CPU errors AMD EPYC 7502P

achirkov

Active Member
Nov 26, 2020
30
1
28
31
Hello, I have a server (on hetzner) with AMD EPYC 7502P CPU.
Matherboard:
Code:
    Product Name: KRPA-U16 Series
    Version: Rev 1.xx
Code:
     # pveversion

    pve-manager/8.2.7/3e0176e6bb2ade3b (running kernel: 6.8.12-4-pve)

I am currently running 3 lxc containers (Ubuntu 20.04) and I am starting to get errors in dmesg:
Code:
[153996.660148] [Hardware Error]: CPU:0 (17:31:0) MC17_STATUS[Over|CE|MiscV|AddrV|-|-|SyndV|CECC|-|-|-]: 0xdc2040000000011b
[153996.660683] [Hardware Error]: Error Addr: 0x00000007b9493840
[153996.661203] [Hardware Error]: IPID: 0x0000009600050f00, Syndrome: 0x0b000b000a801202
[153996.661730] [Hardware Error]: Unified Memory Controller Ext.

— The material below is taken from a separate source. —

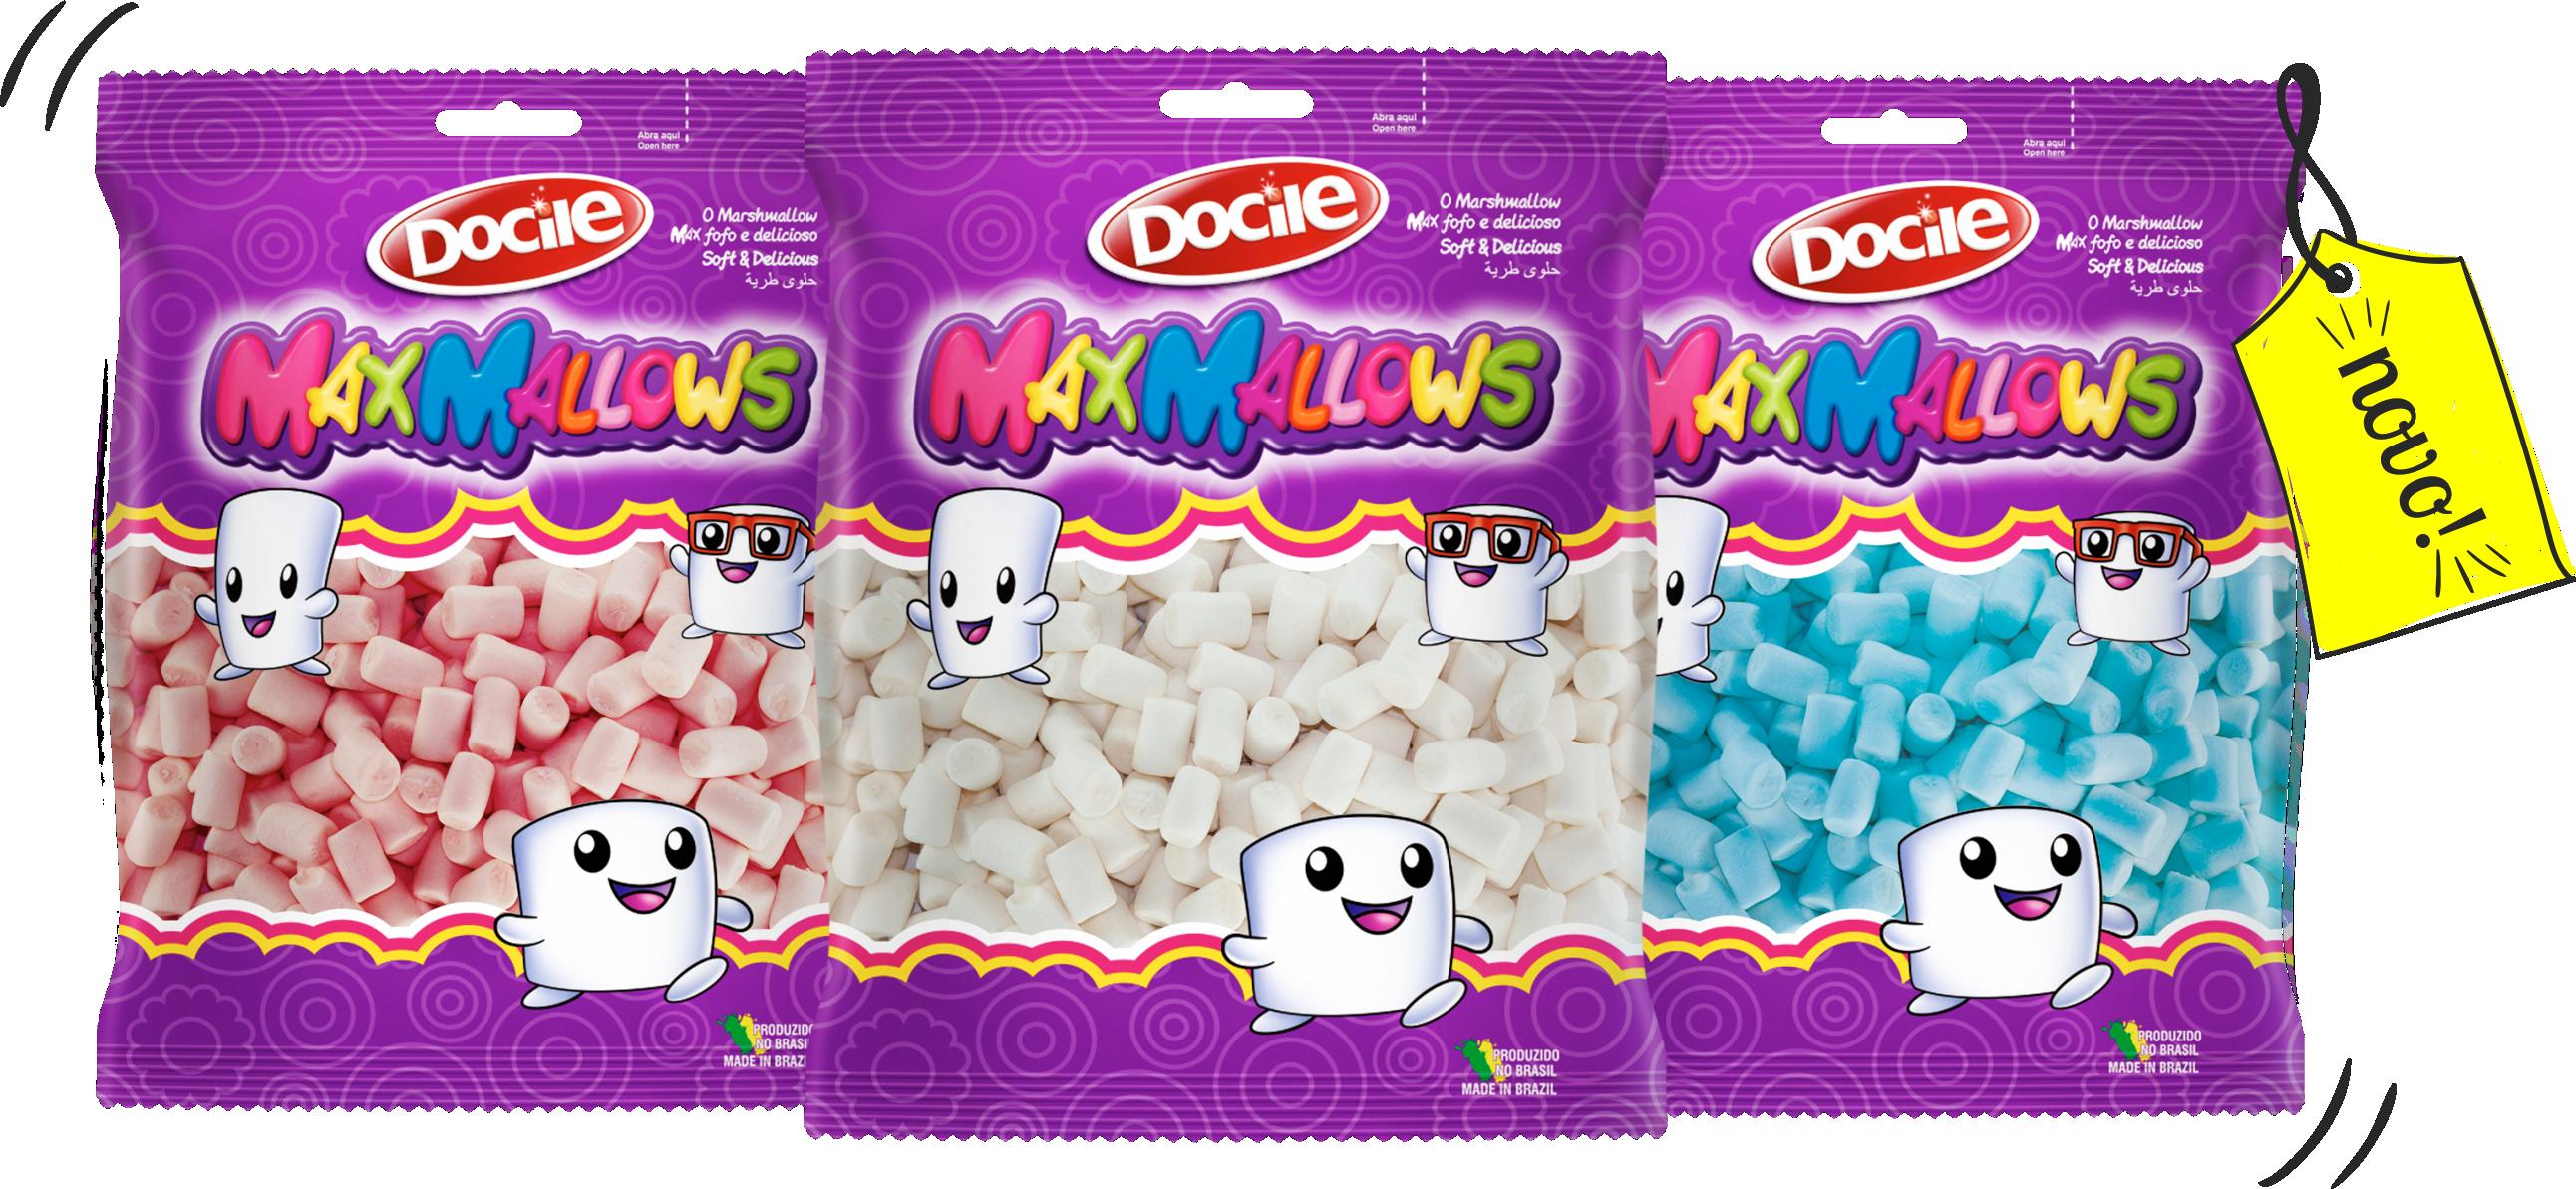 Mini Mas Maxmallows Marshmallow Oferecidos Em Pacotes De 150g Os Esto Disponveis Nas Cores Azul Branco E Rosa
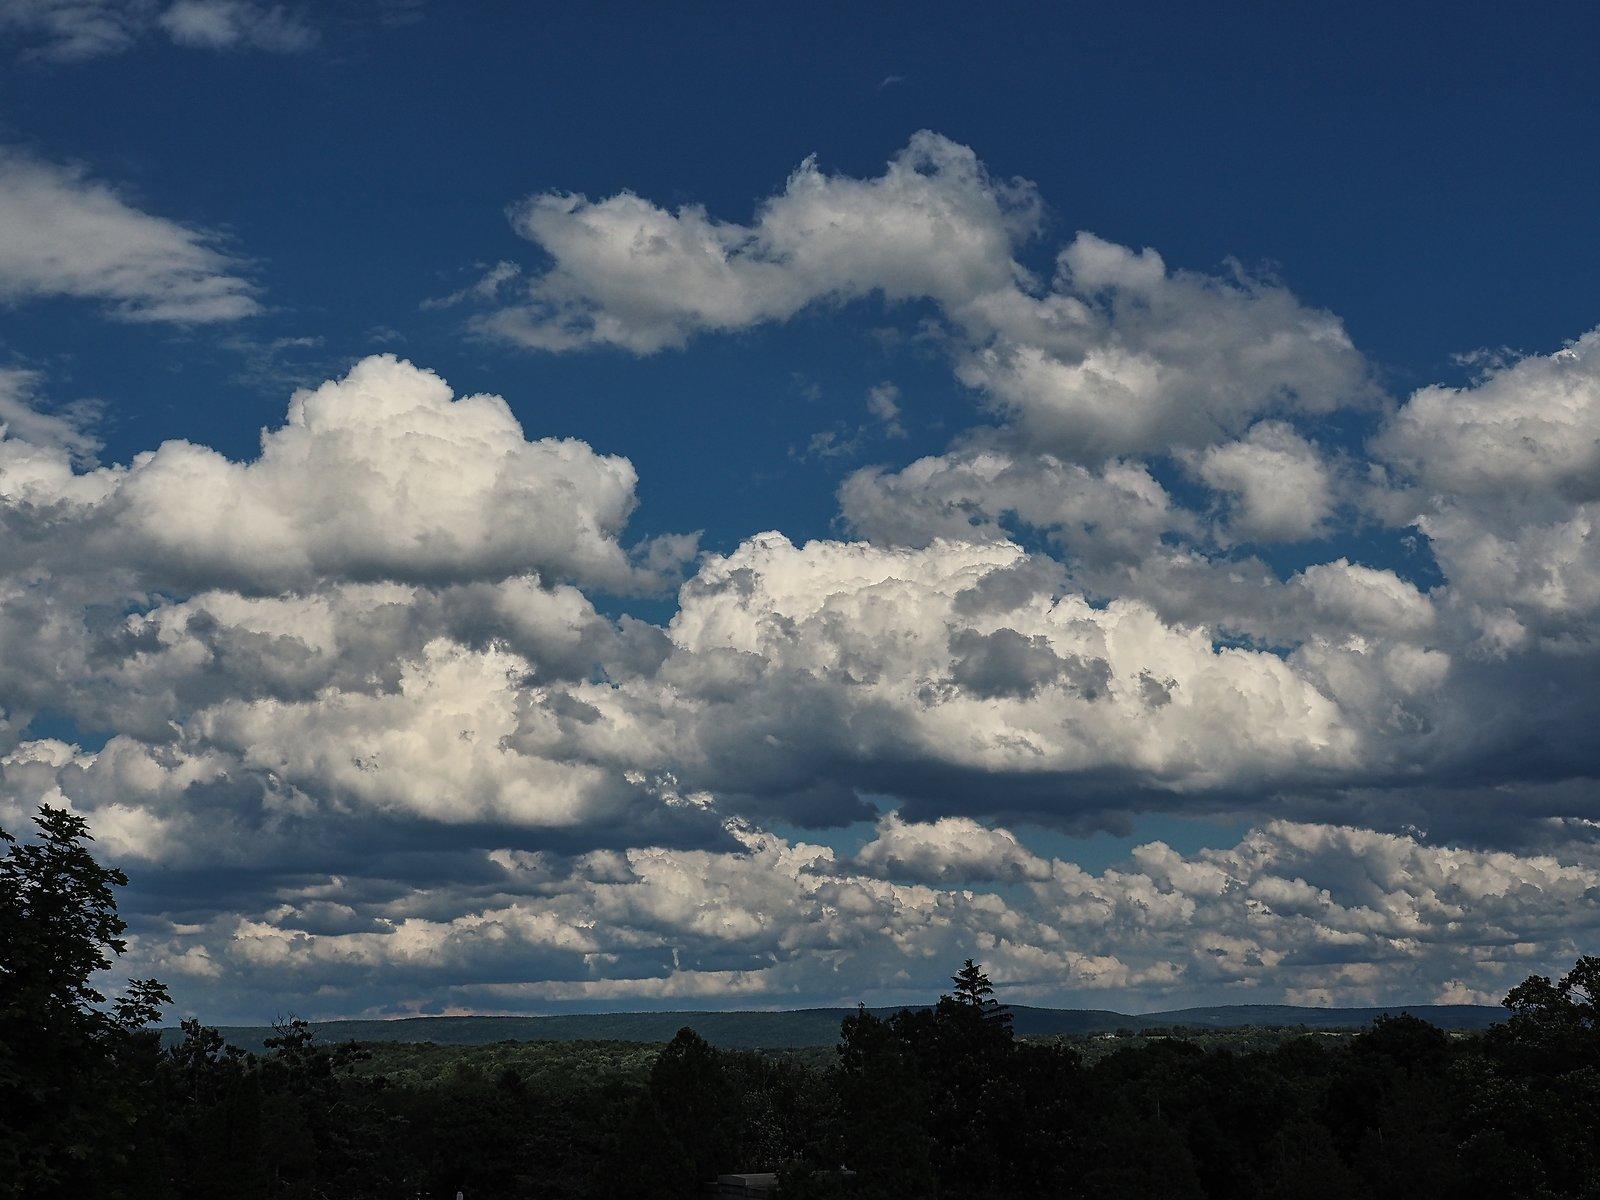 OMD EM5 2 clouds 002 B.jpg

Error Code: 0
[153996.661835] EDAC MC0: 1 CE on mc#0csrow#2channel#0 (csrow:2 channel:0 page:0x1f3524e offset:0x40 grain:64 syndrome:0xb00)
[153996.662875] [Hardware Error]: cache level: L3/GEN, tx: GEN, mem-tx: RD
[154324.297911] mce: [Hardware Error]: Machine check events logged
[154324.298839] [Hardware Error]: Corrected error, no action required.
Installed all latest versions of packages in apt, amd64-microcode is installed. Maybe I missed something? Or the server has a hardware problem?
 
HI,

Or the server has a hardware problem?
Most likely, at least the messages seem to indicate some faulty RAM.

I'd suggest running memtest86+ for a bit and testing it through, that is never a bad idea. You can either run it directly from the boot menu or using the ISO - you'll need to disable Secure Boot though for it, if you have than enabled on your server.
 
It looks HW related. Have you checked for latest BIOS version?
If RAM is in fact good, you are probably looking at MB/CPU.
How long have you been running this server?
 
The server was rented a week ago from Hetzner. I thought the problem was in the system packages, but since the problem is hardware, I'll write to their technical support. Thanks for your help.